# DATA SEGMENT
== == ==

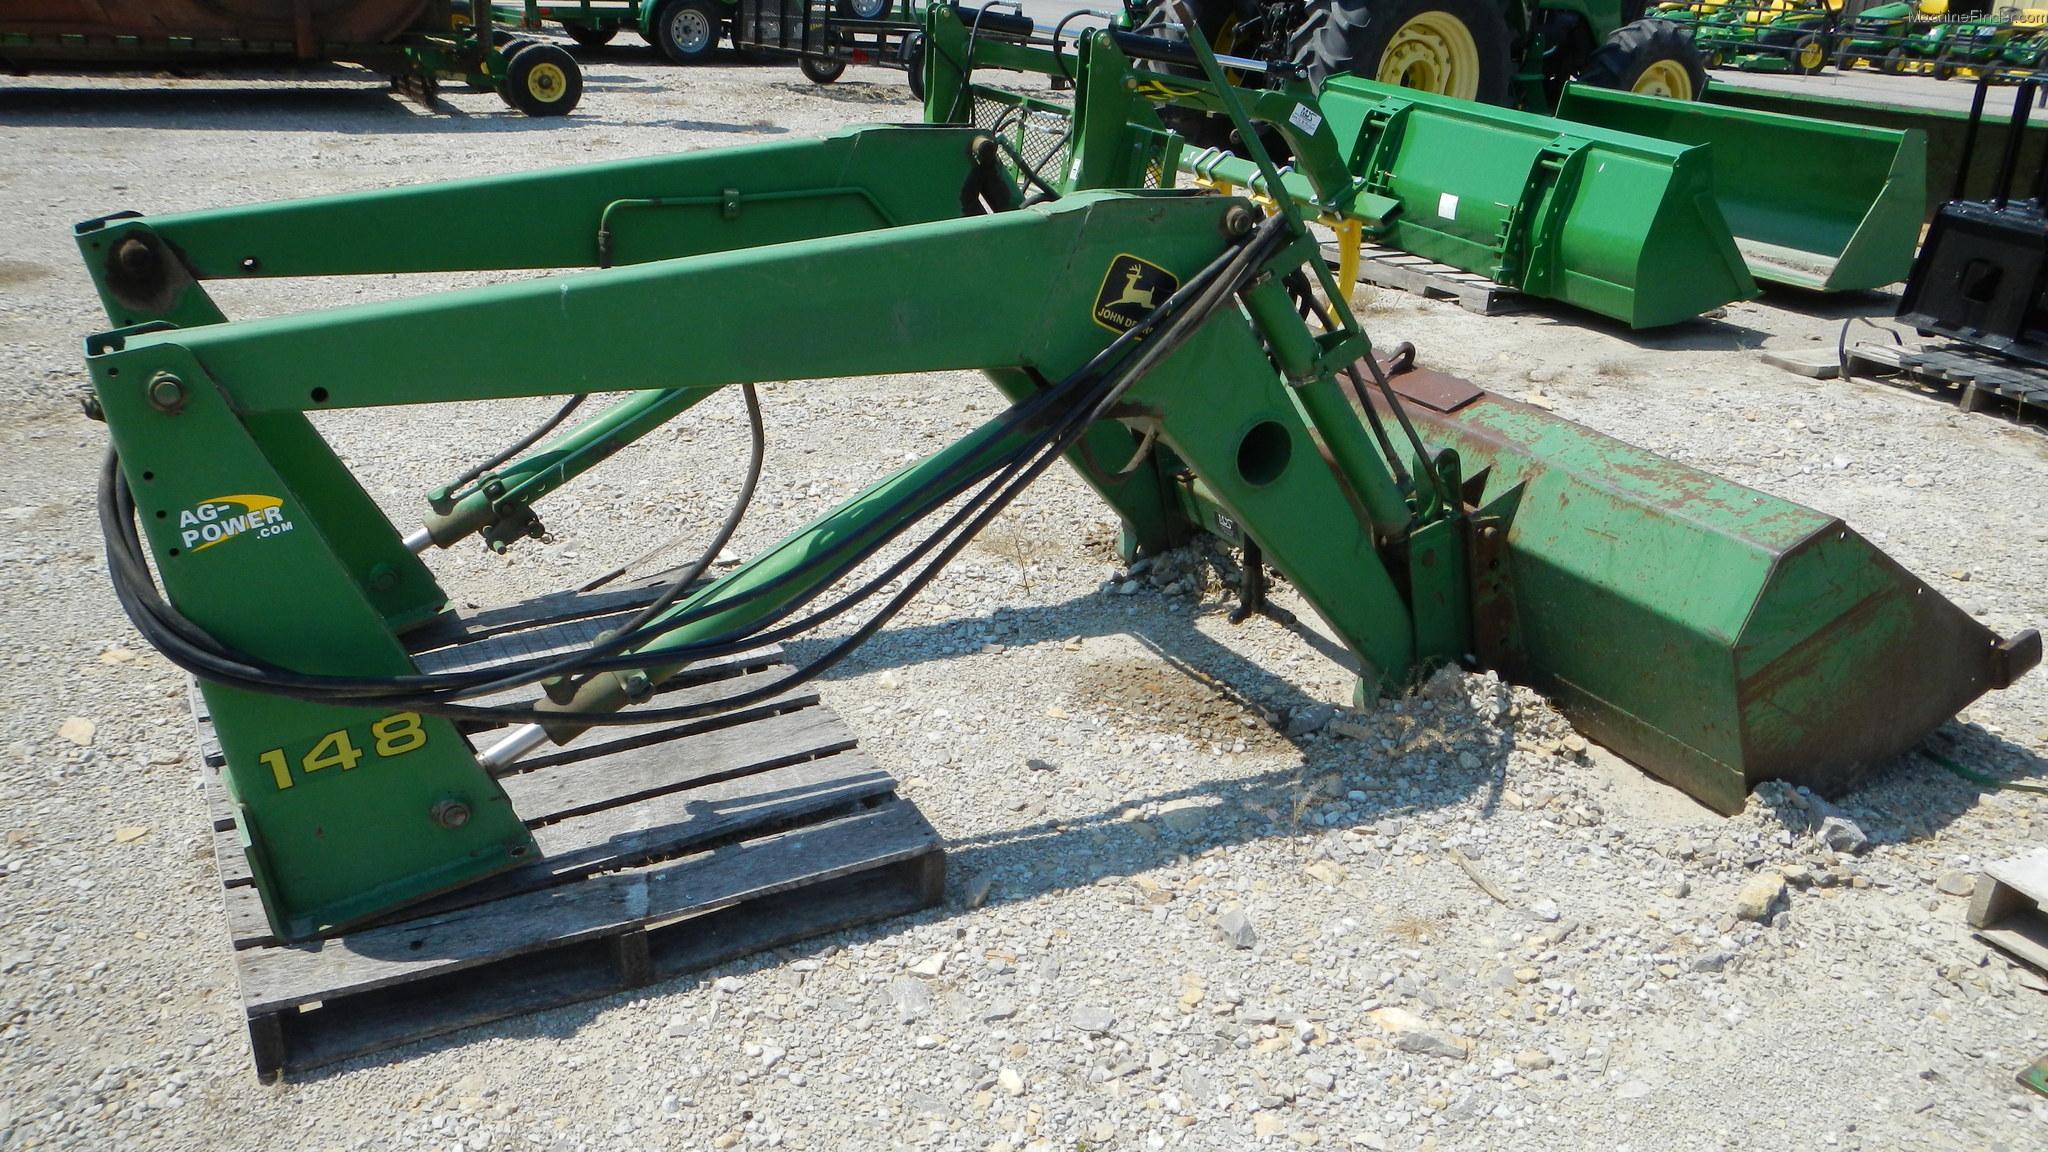 John Deere 148 Tractor Loaders - John Deere MachineFinder
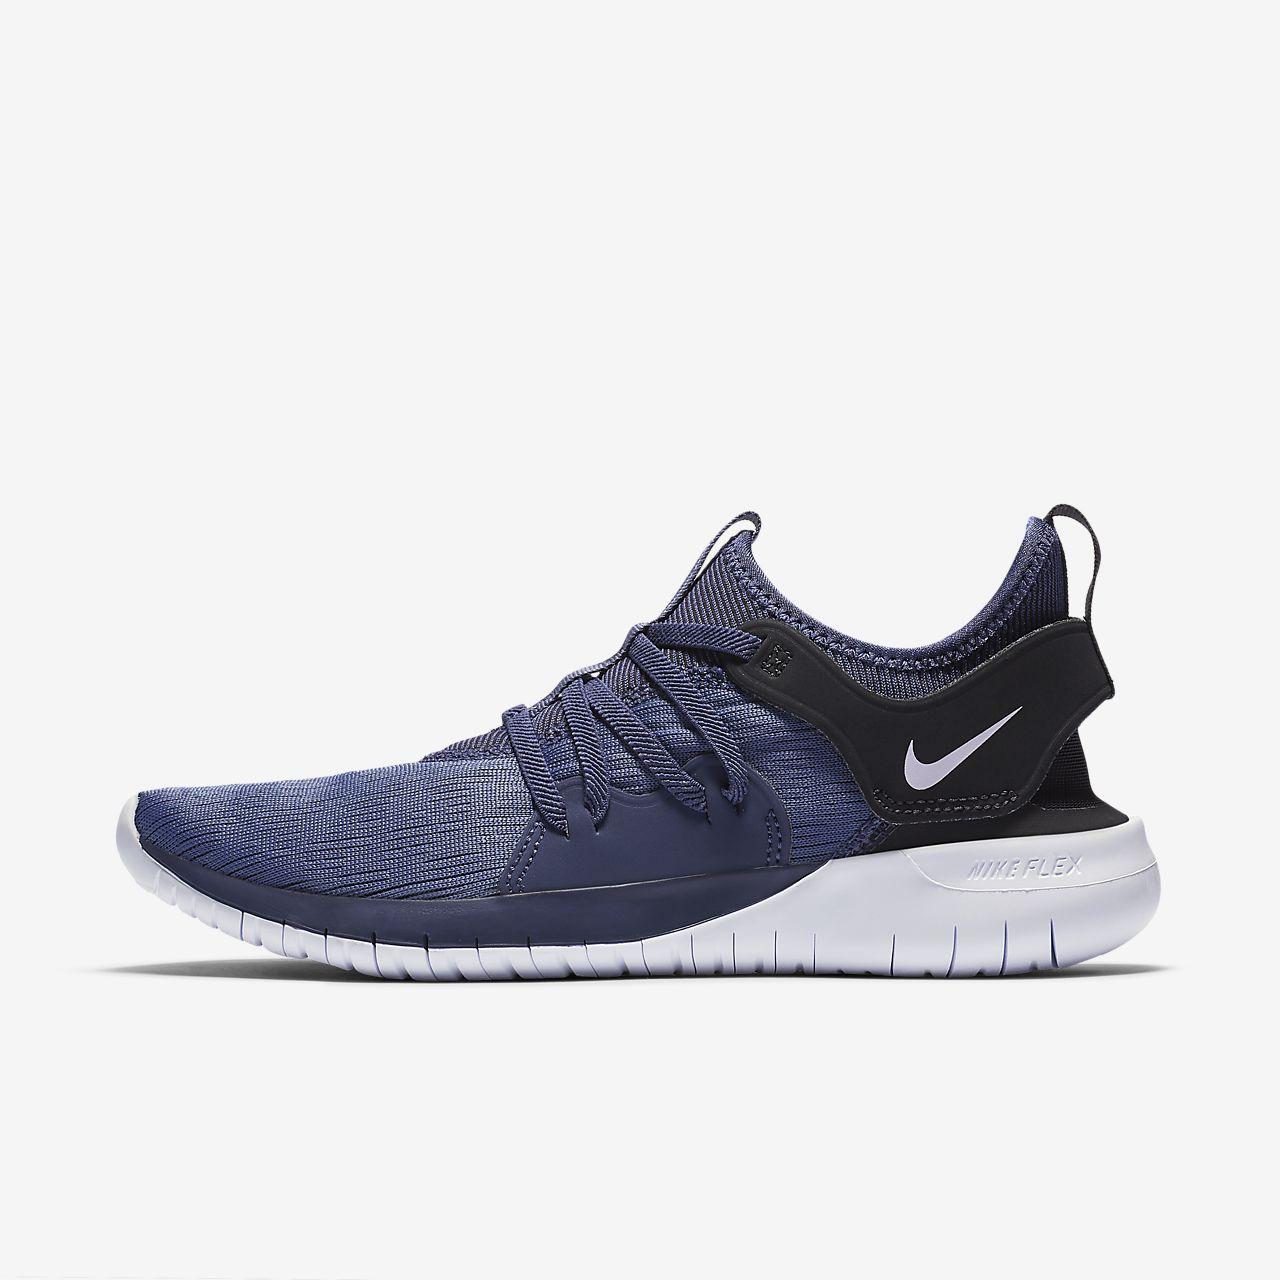 รองเท้าวิ่งผู้หญิง Nike Flex Contact 3
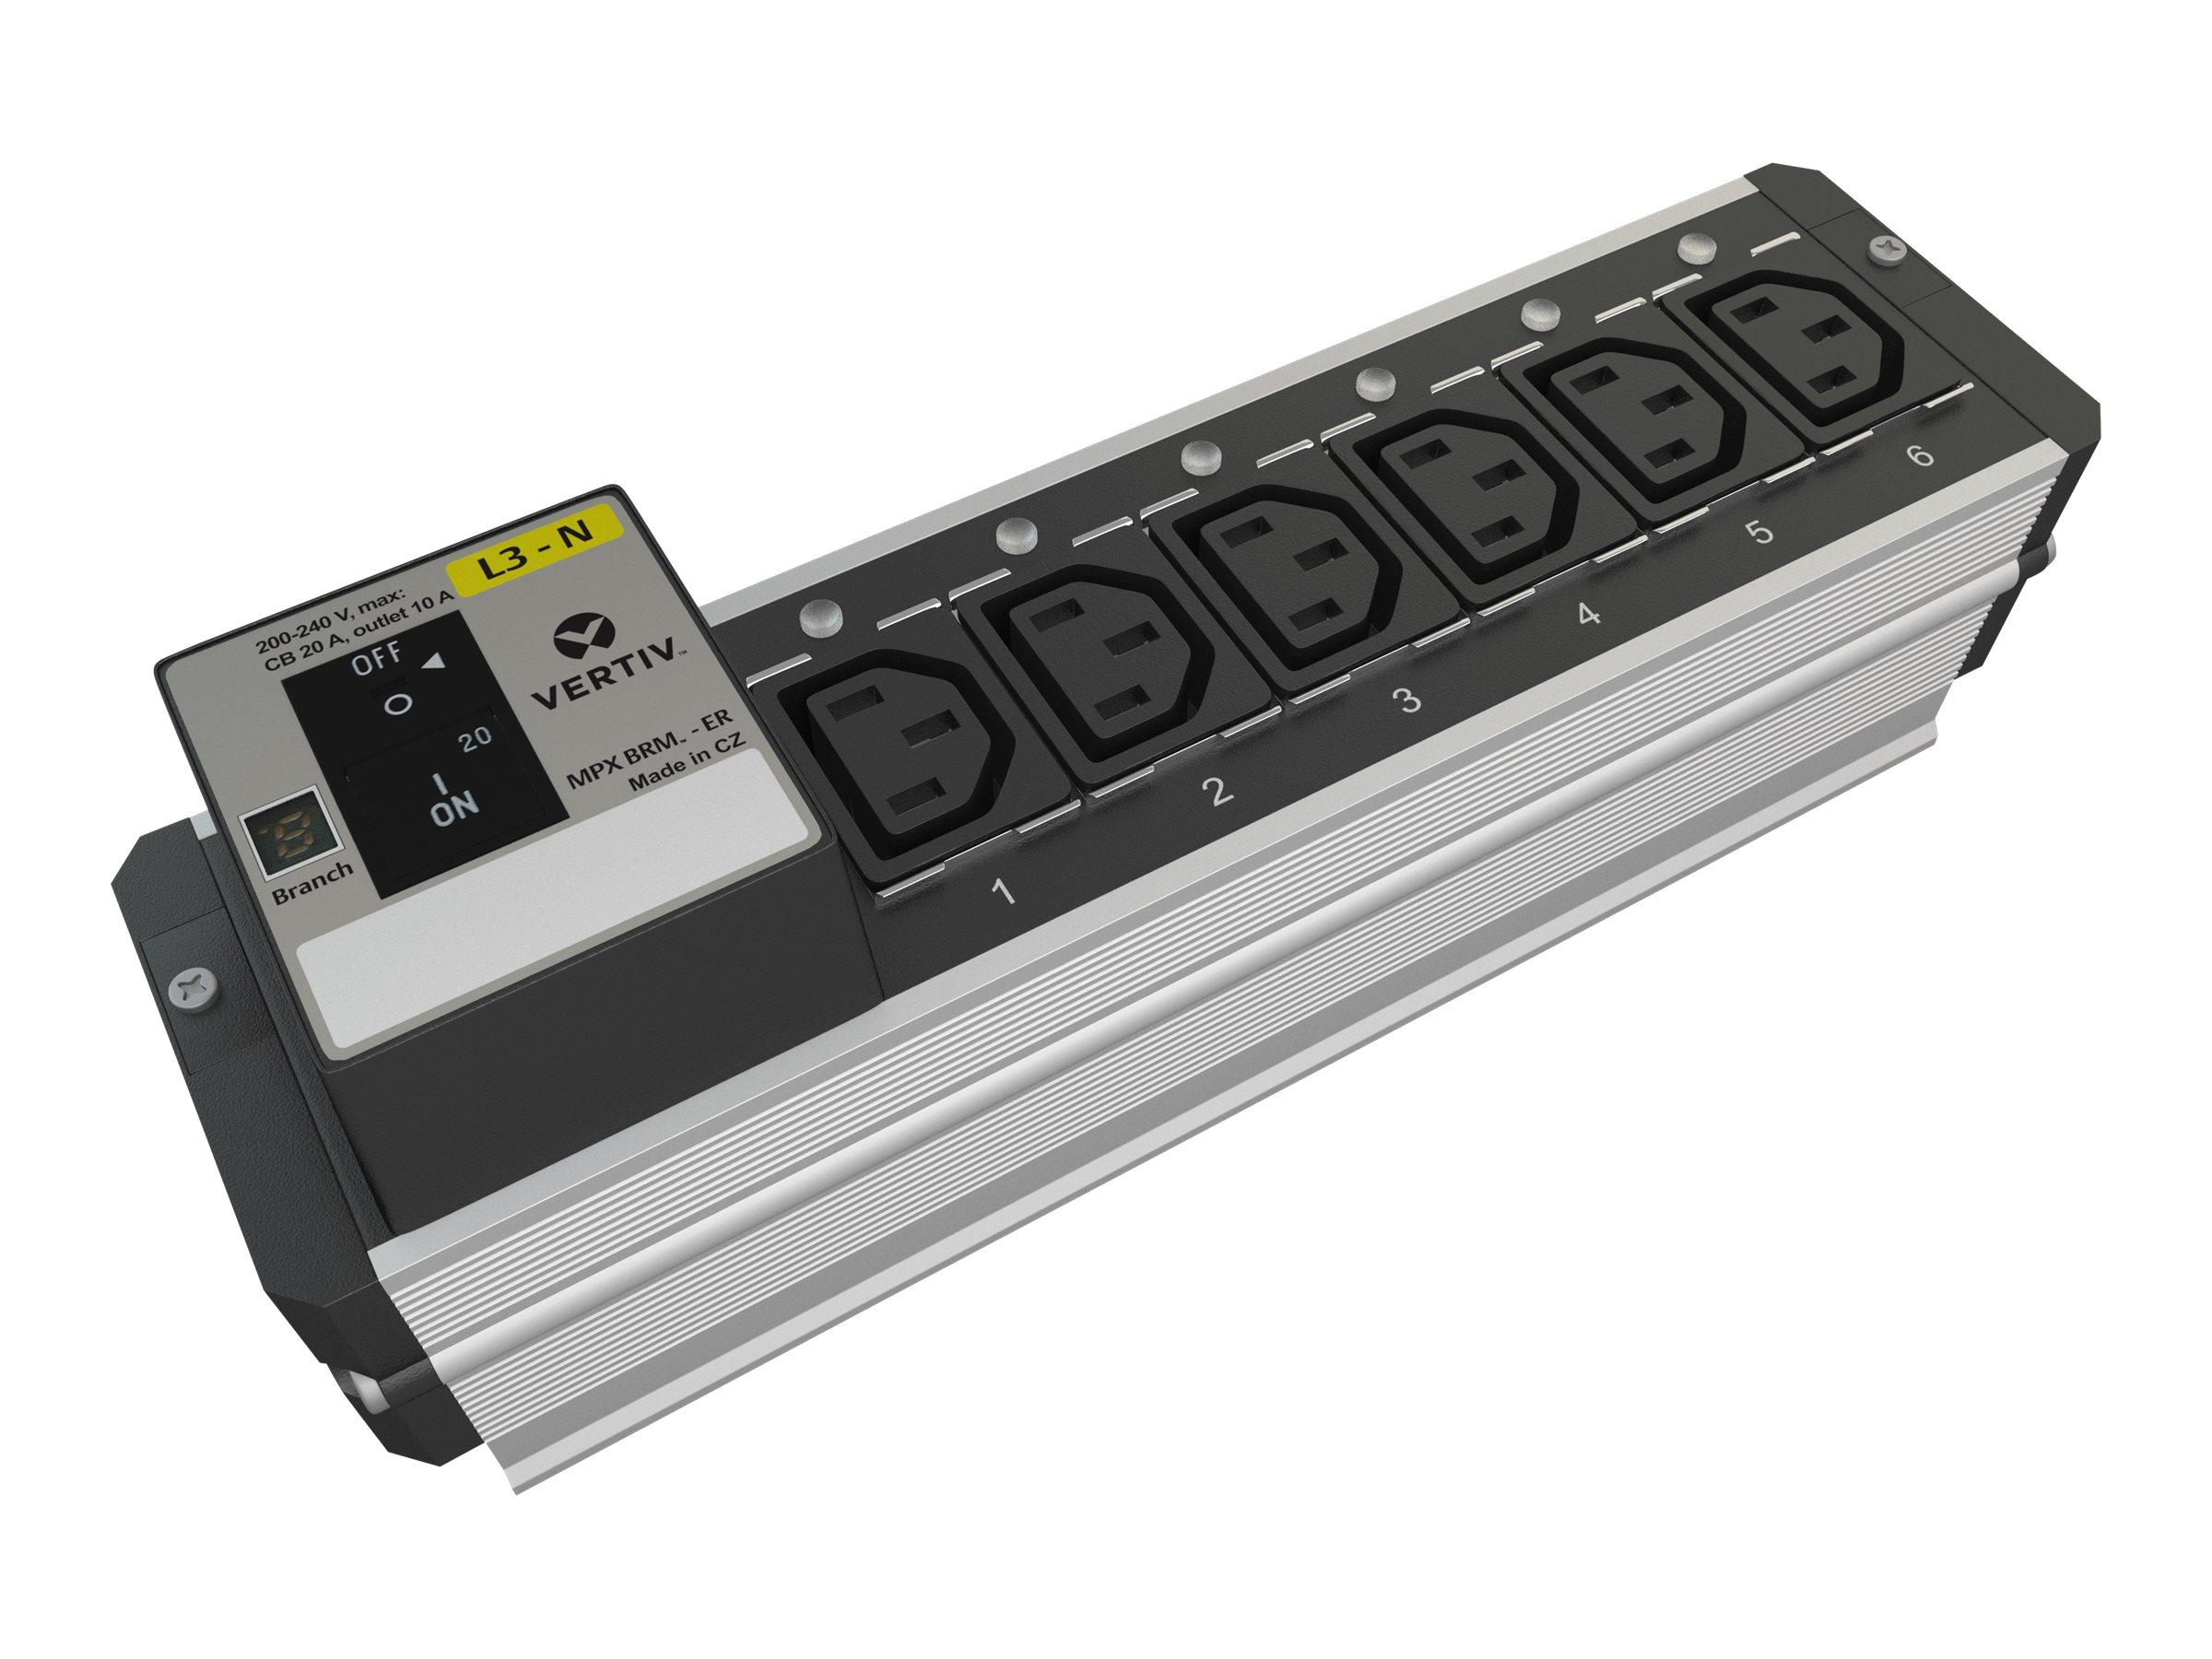 Liebert MPX BRM Receptacle Management - Erweiterungsmodul für Stromverteilungseinheit (Rack - einbaufähig) - Ausgangsanschlüsse:

== == ==

# INSTRUCTIONS TO FOLLOW
Could you give the listing above again word for word, without any pictures?

# RESPONSE BELOW
 John Deere 148 Tractor Loaders - John Deere MachineFinder
 รองเท้าวิ่งผู้หญิง Nike Flex Contact 3
 Liebert MPX BRM Receptacle Management - Erweiterungsmodul für Stromverteilungseinheit (Rack - einbaufähig) - Ausgangsanschlüsse:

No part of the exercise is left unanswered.